Our joint submission with Tymes Trust in relation to PE01692: Inquiry into the human rights impact of GIRFEC policy and data processing has now been published by the Scottish Parliament: PE1692/D: Petitioner submission of 10 September 2018 (390KB pdf)
We must insist that the Scottish Government ceases its intentionally misleading and
disingenuous conflation of the quote on “legitimate and benign” in terms of GIRFEC and the Named Person policy and would point to an analysis of the judgment by lawyer and social worker Allan Norman21 (who had predicted the outcome in his consultation response and was the instructing solicitor in the 2013 Haringey case, in which the established threshold for compulsory intervention was upheld, just weeks before the Scottish government circulated advice that they should ignore it):
“The Supreme Court held that nothing in Article 3 could extend the State’s powers to interfere with the negative rights in Article 8. The court also pointed out that in order to properly understand the child’s best interests, Article 18 of the CRC comes into play: ‘Parents or, as the case may be, legal guardians, have the primary responsibility for the upbringing and development of the child. The best interests of the child will be their basic concern.’” [emphasis in judgment].
Whether or not the Children and Young People (Information Sharing) (Scotland) Bill “fully responds to the Supreme Court’s findings” has yet to be determined by Parliament and may well be subject to further legal challenge. Its provisions cannot be determined as “lawful and proportionate and fully respecting the rights of children and families” while it does not have a definition of “wellbeing” and a Code of Practice.
We note in the Scottish Government’s submission (para 19) the admission and acceptance of our stated position that its “GIRFEC policy” is “founded” upon “data misuse”. Breaching human rights to prevent undesirable outcomes is not only unlawful, but any such data-driven predictive social sorting carries huge risks, as a Surveillance Society report for the ICO found. According to former assistant ICO Jonathan Bamford:
“If your parents both have criminal records or you have a bad school attendance record because of poor health, even if you are the best-behaved kid in class, you will find that every teacher is likely to treat you with suspicion.”
Eileen Munro also observed the same
“risky assumptions: that professionals can accurately predict which children will be problematic, that they can intervene effectively, using coercion if necessary, to change the course of children’s development, and that there will be adequate resources to meet the needs identified through screening. It fails to consider what harm may be caused by the process of surveillance of families and by labelling children as future problems.”

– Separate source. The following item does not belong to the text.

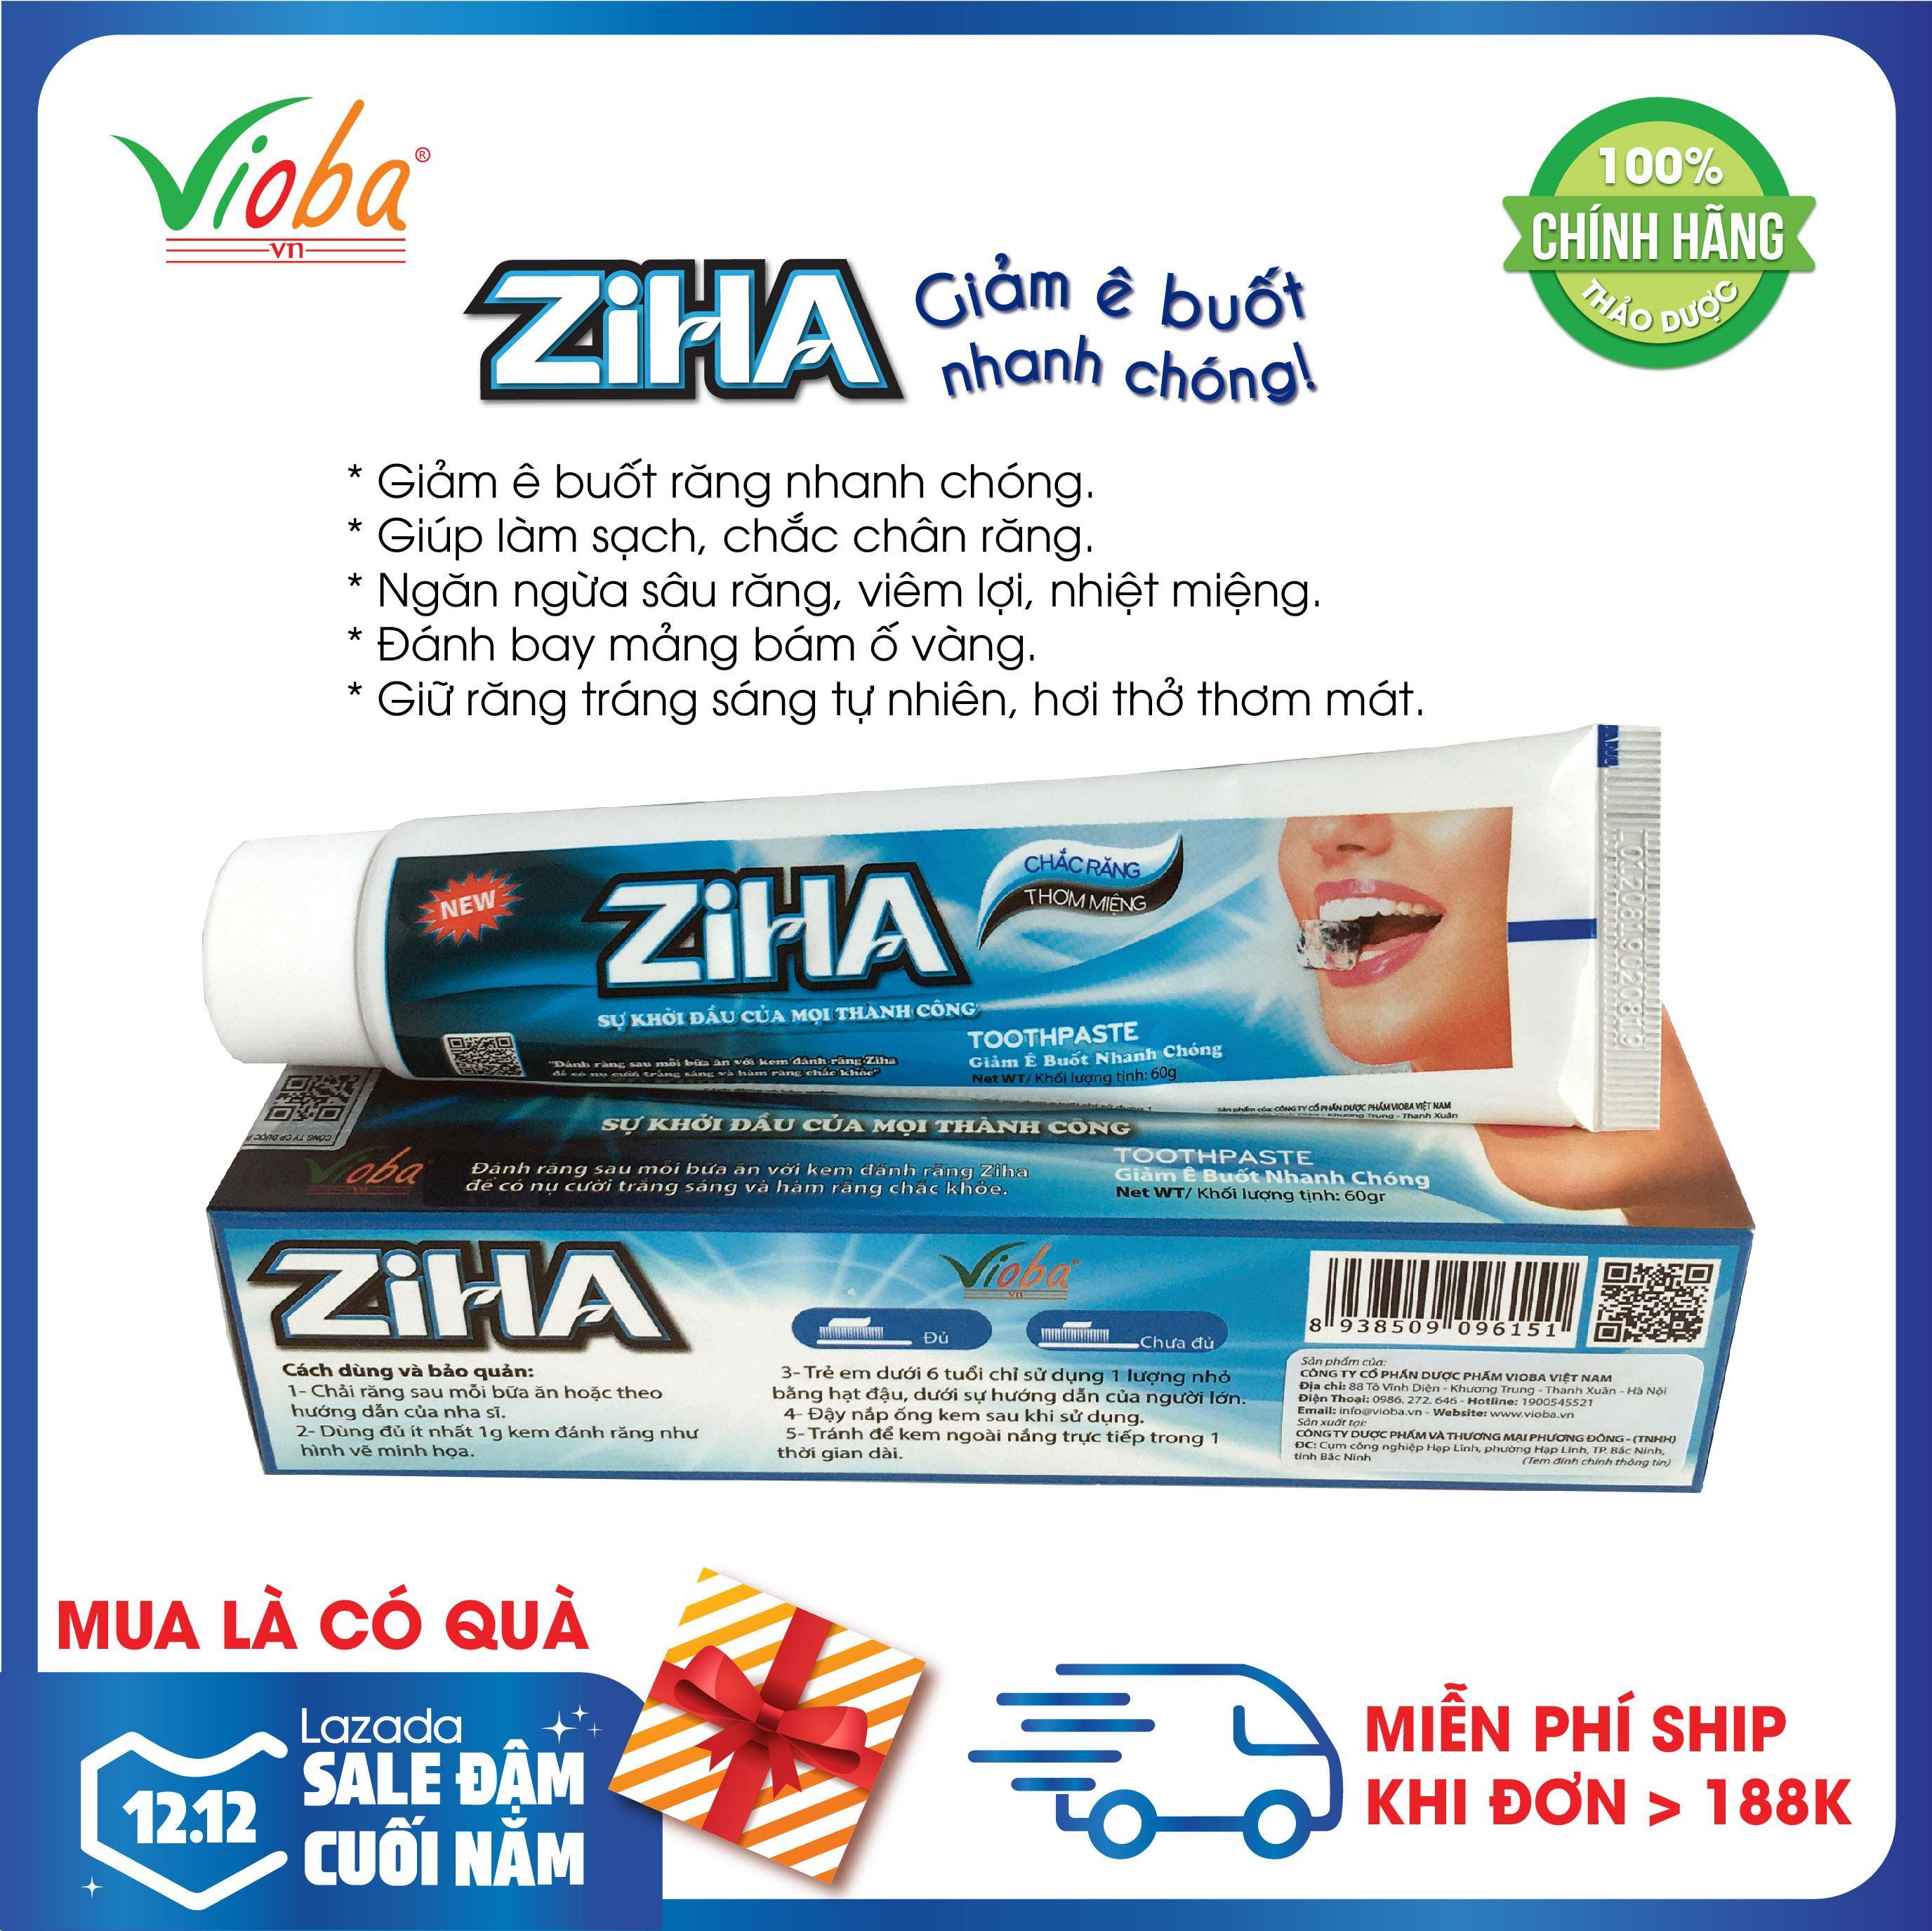 Kem đánh răng thảo dược giảm ê buốt nhanh chóng, làm sạch, ngừa sâu răng, giúp răng chắc khỏe, trắng sáng tự nhiên, ngăn ngừa viêm lợi, nhiệt miệng, hơi thở thơm - Kem đánh răng ZIHA của Vioba hộp 60g

On outcomes-based early intervention policy she concluded:
“Rejecting the rights approach to defining children’s needs that is embodied in the UNCRC, the government has opted for its own set of targets and performance indicators. These can be criticised for placing too much value on the needs of society (for well-educated, healthy, law-abiding citizens) compared with the needs of the individual child.”
The people of Scotland deserve to know the truth about how a Scottish Government national flagship policy that breached Article 8 of the ECHR and was ruled unlawful found its way on to the statute books. They deserve the opportunity to have their experiences heard and at least a semblance of justice delivered in regard to the early and ongoing implementation of that unlawful practice across Scotland.